January, 2017, Huffington Post

Sin Lee, a pathologist and scientist, believes the deck is stacked in the quest to air new ideas on Lyme disease.

Too many science journals telling him to take his research elsewhere. Too many deftly worded rejections. Too little inclination to engage in a fair fight over the facts and fiction of Lyme disease.

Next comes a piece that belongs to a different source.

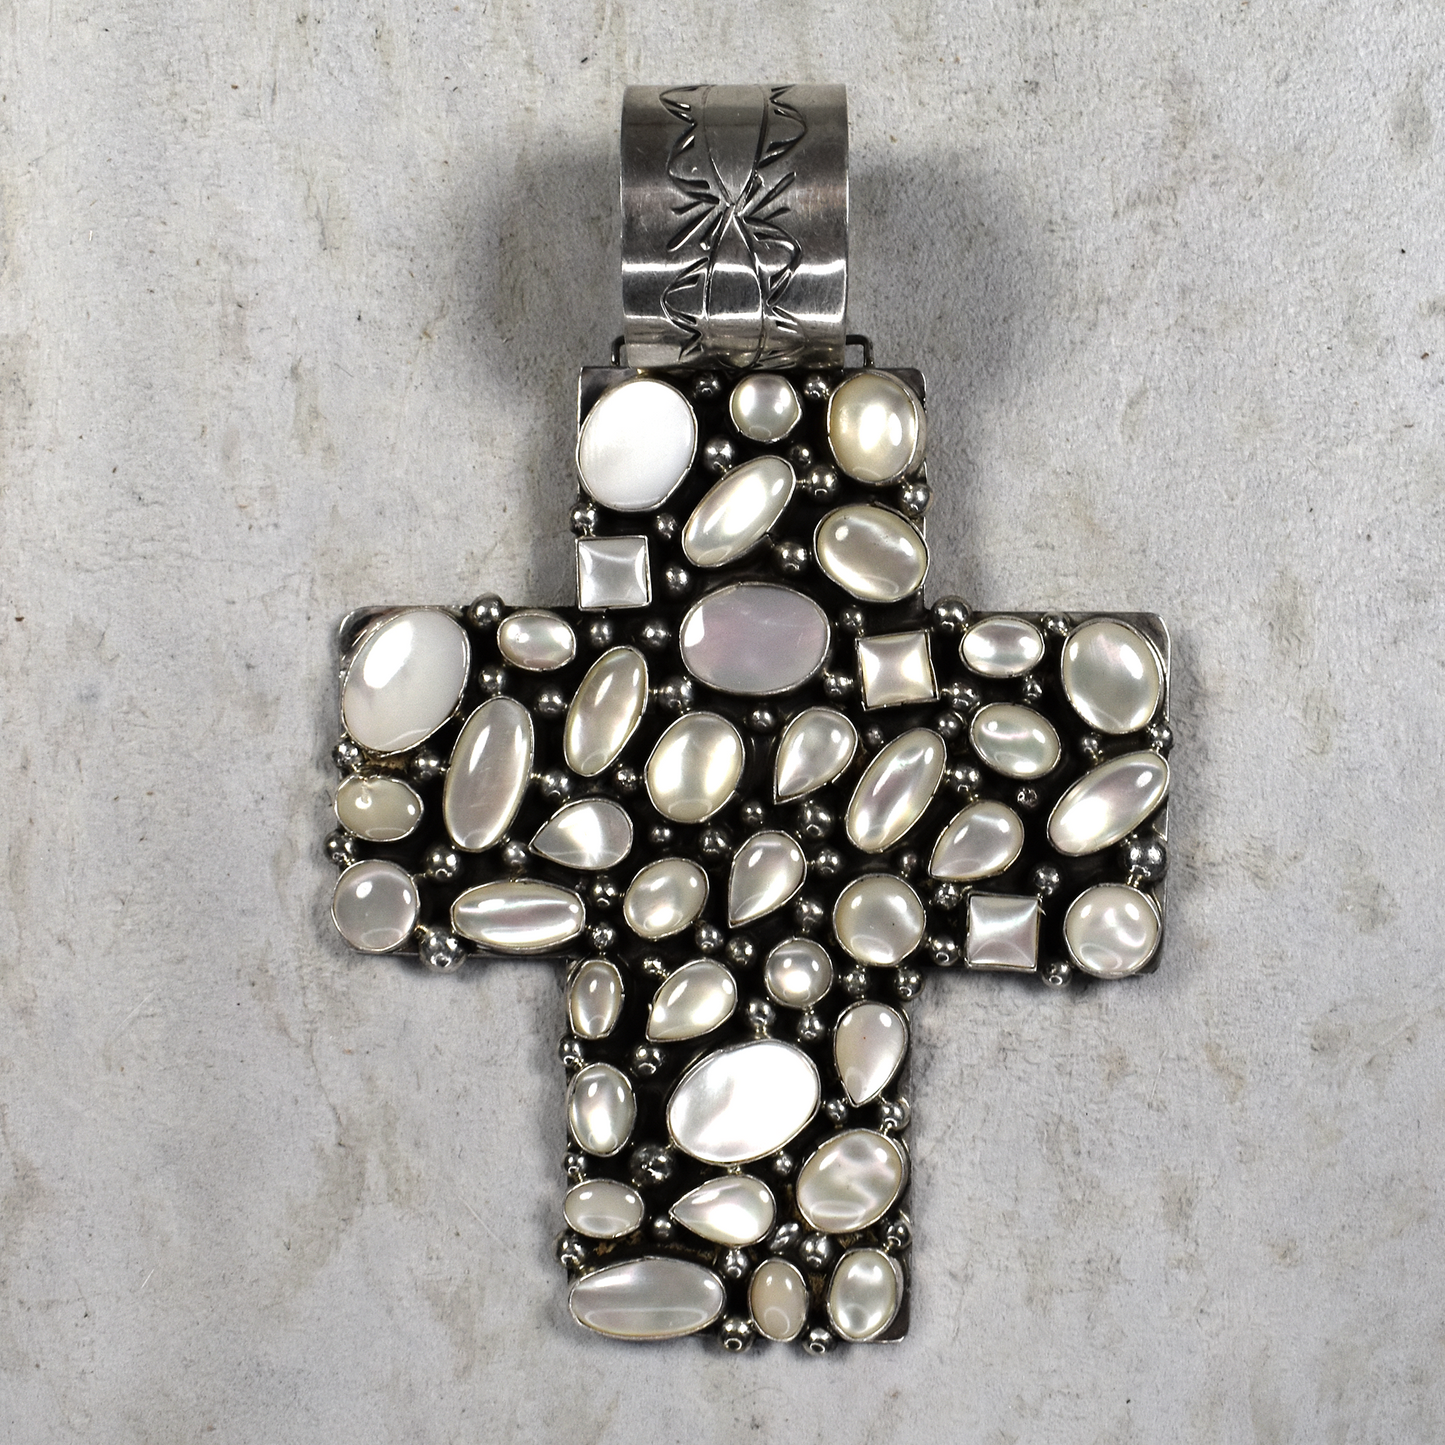 Large Square Cross Pendant with Mother of Pearl Inlay by Rocki Gorman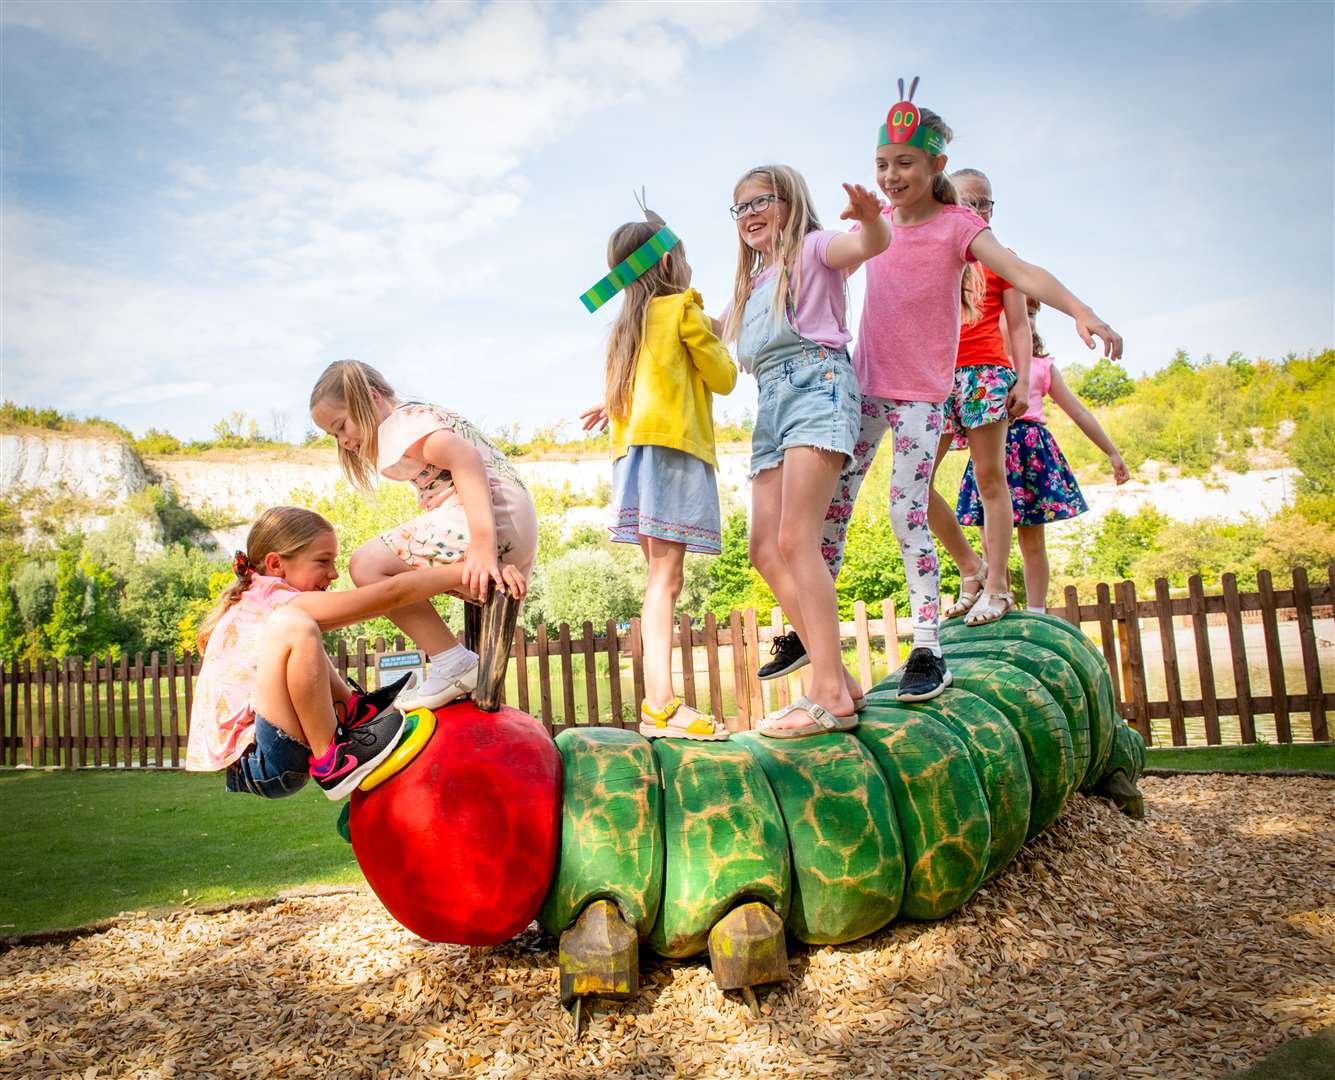 The Hungry Caterpillar nature trail is said to be undergoing a spooky transformation

Dr. Lee’s experience is shared by many researchers I have interviewed, in the U.S. and Europe, in five years of writing about a disease on which scientific debate is limited and tightly controlled. Some 380,000 Americans were infected with the tick-borne spirochete in 2015, leaving 20,000, by conservative estimates, with unresolved joint pain, cognitive lapses, fatigue and other problems. Another 232,000 are estimated to be infected annually in Western Europe. Many suffer because of a poor test and delayed diagnoses, issues that have been largely dismissed in mainstream journals.

The 850-word comment argues that Lyme infections have been allowed, even encouraged, to fester. How? Under long-established guidance, repeated in the article, that physicians wait for a positive test before treating patients without the Lyme rash. Lacking a good early test, doctors thus tell non-rash patients who have wrongly tested negative — as 50 to 80 percent of early cases do, the paper admits — to return in awhile, giving the insidious Lyme pathogen time to grow. By then, in what is called the convalescent phase, many patients feel better and do not return, only to be sickened later. [and then denied health care]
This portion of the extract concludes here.